No idea what they were looking for, but they overlooked the one thing that might have tipped them off I was giving truthful-but-incomplete answers. :blah: :?

Now that I have Global Entry, flying back to the US is much easier. No more long lines for passport control; most times (without checked luggage) it takes 10-15 minutes from the door of the plane to the door of the terminal, or the security line for a connecting flight, and most of that is walking.
all border patrol everywhere should be warned about this one. and his brother mike. :P
Hats Off wrote:I was heading for the Canada/US border one day with an Old Order Amish man in my car when I realized I didn't have my passport with me. Oh well, we can always turn around if we have a problem. Just before we got to the border, I said something to my friend and he realised he didn't have any identification. Oh well, we are this far, we will just go ahead. The lady at the border asked for our id and I gave her my photo drivers licence but said he has nothing with him. Ok, leave the car right here with the key in the ignition and go into the glass building!

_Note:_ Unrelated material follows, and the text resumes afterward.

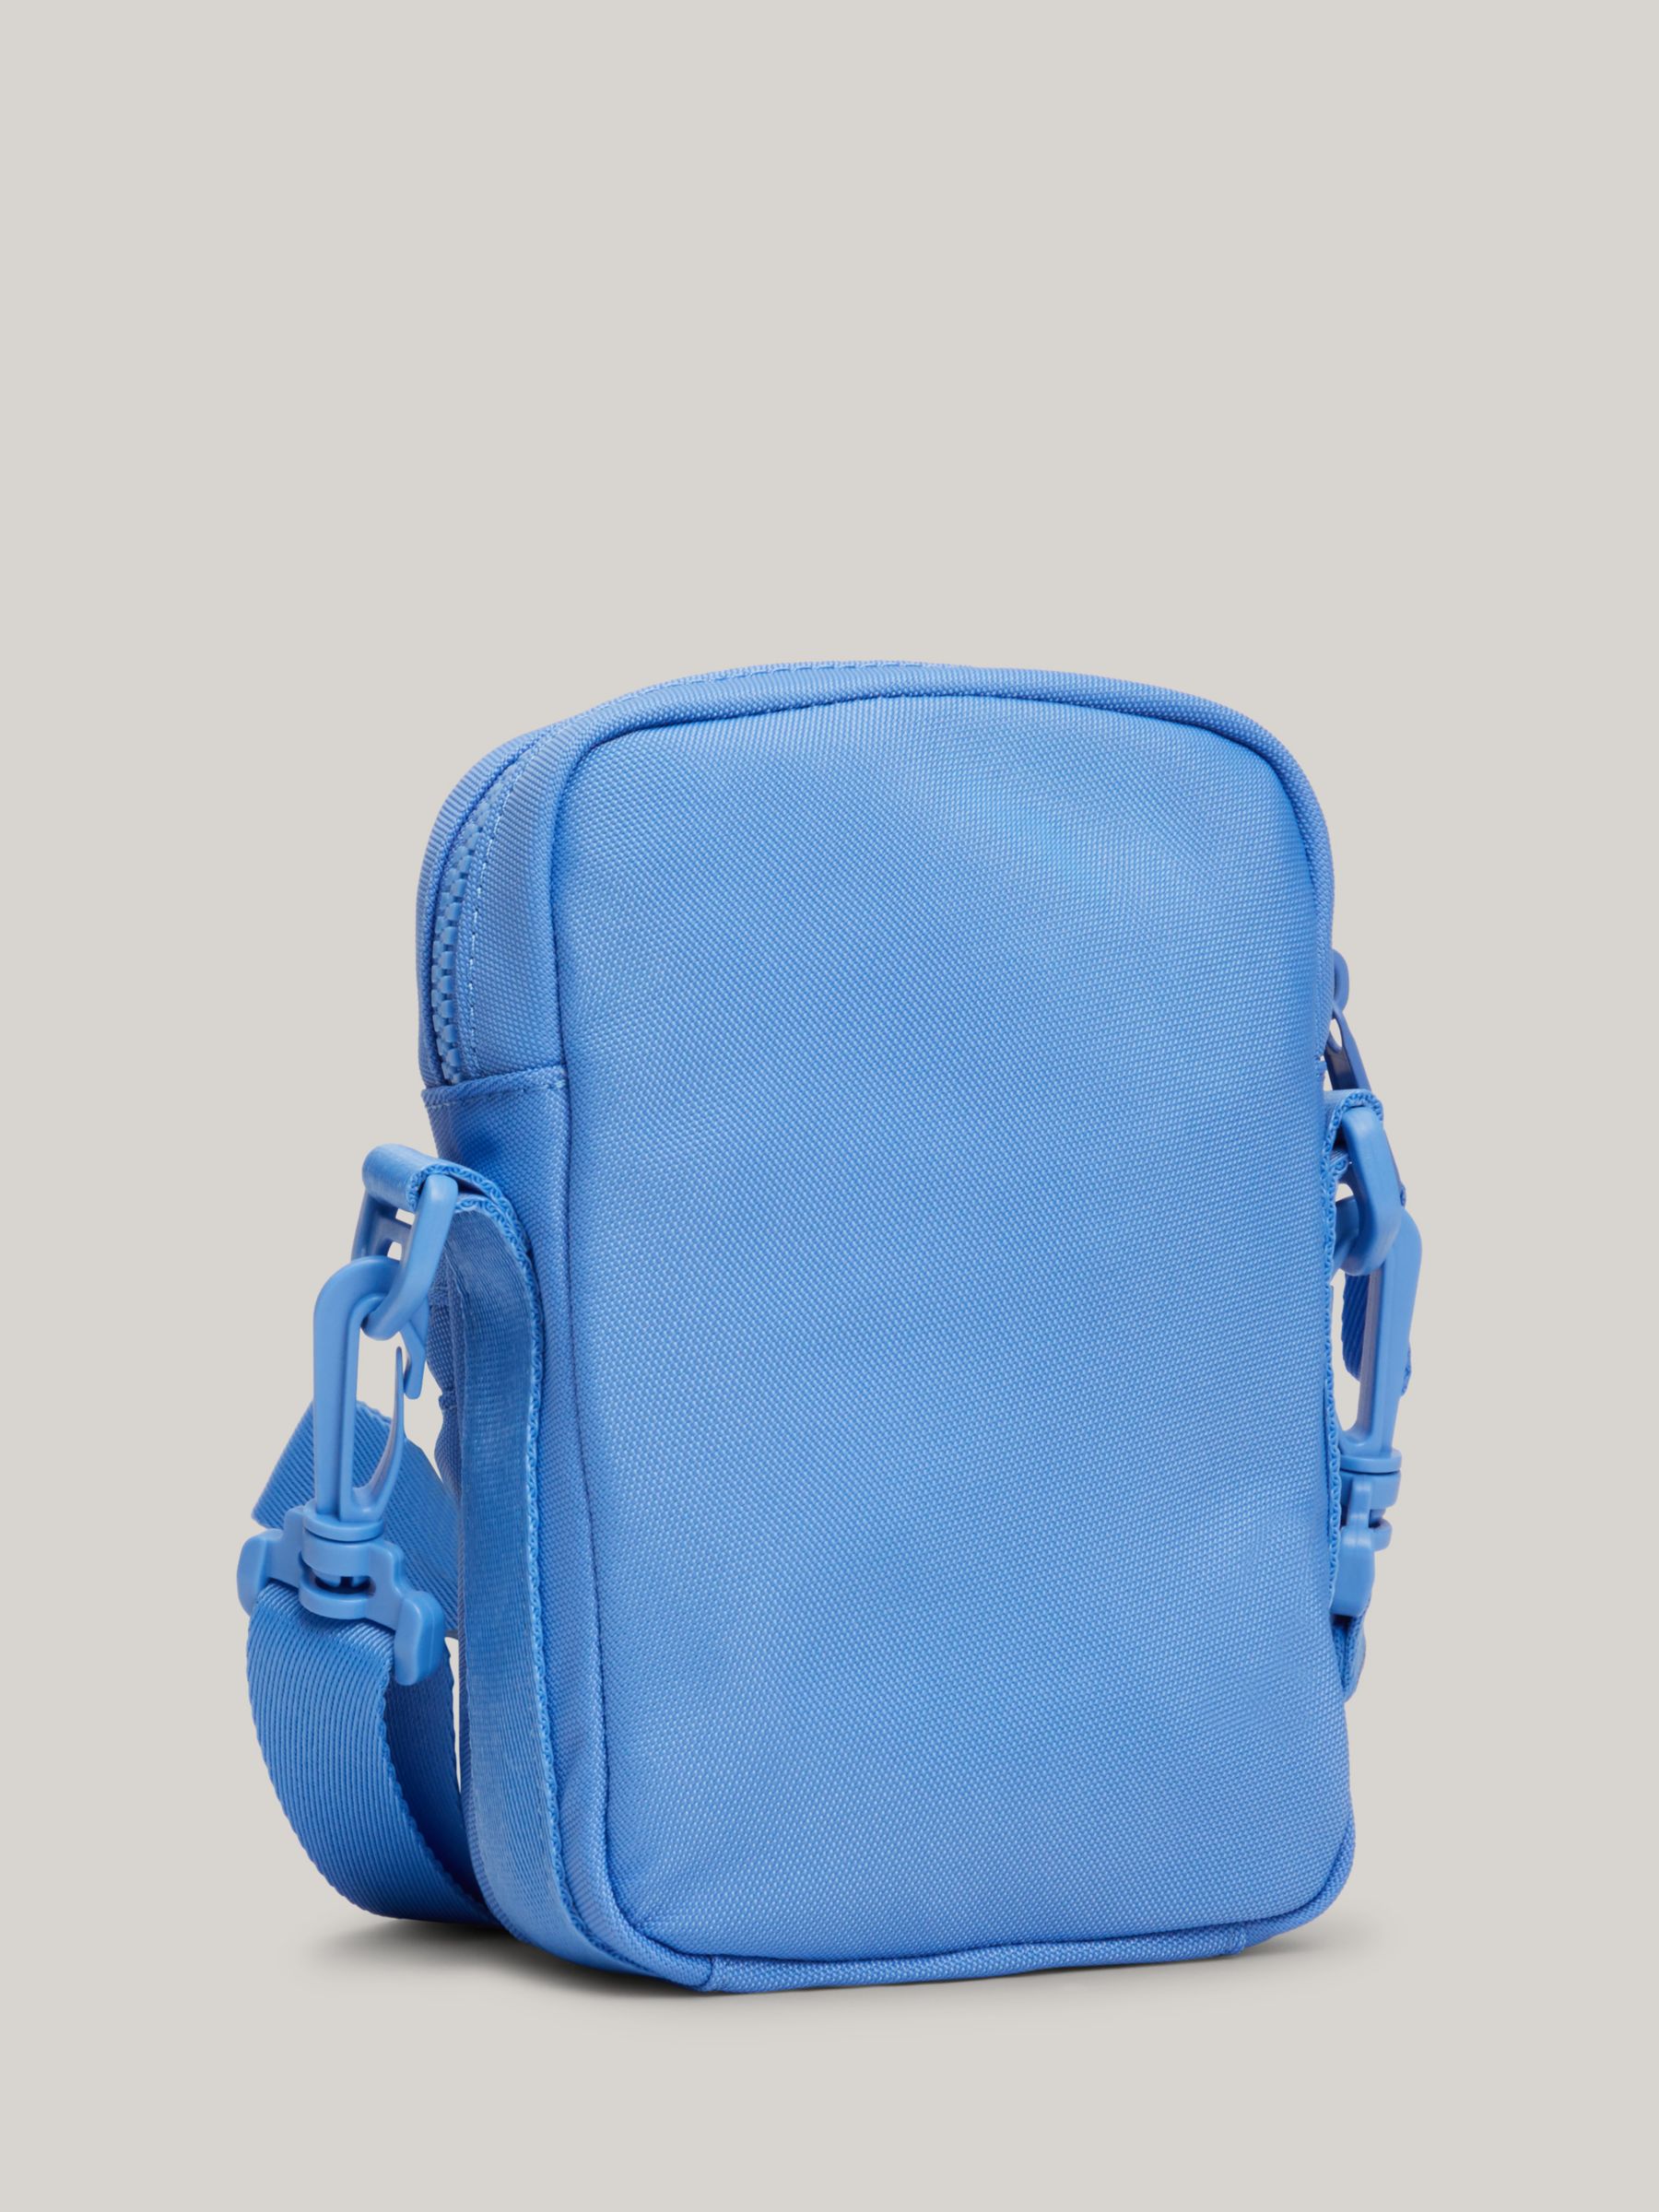 Buy Tommy Hilfiger Kids' Mini Reporter Bag, Blue Spell Online at johnlewis.com

After giving the agent his information, we stood there visiting with the agent.
He was from the New York side of the crossing and had Old Order Mennonite, Old Order Amish, and Schwartzentruber Amish neighbours so this Old Order Amish man and the MWMC man took the time to explain the difference.
:D

I learned a lesson - don't try to cross the border without ID and the agent got a lesson about the different Amish and Mennonite groups. :D

In the end he let us go, even informing the Canada Customs agents that these two old men were coming through and that they should let them go. :D

Instead of saving half an hour by taking a shortcut from Ontario to Quebec through New York, we lost an additional hour and a half.
occasionally, my grown daughter will have some odd experience to share in which she will end up with quite a tale to share (bemoan.) some are so entertaining that i ask her,
"what price or value could you put on that experience?!" - it seems worth it all,
just to have the account to remember (and share) for as long as you may recall. :mrgreen:

Hats Off, in your case, all the better, the agents received the benefit of a first-person encounter most will never experience. i hope they benefited. i expect they did, then, they chose accordingly.
(the U.S. passport card might be useful / it's an option.)

in this thread, the first-person accounts are most-interesting.
looking forward to more.
8-)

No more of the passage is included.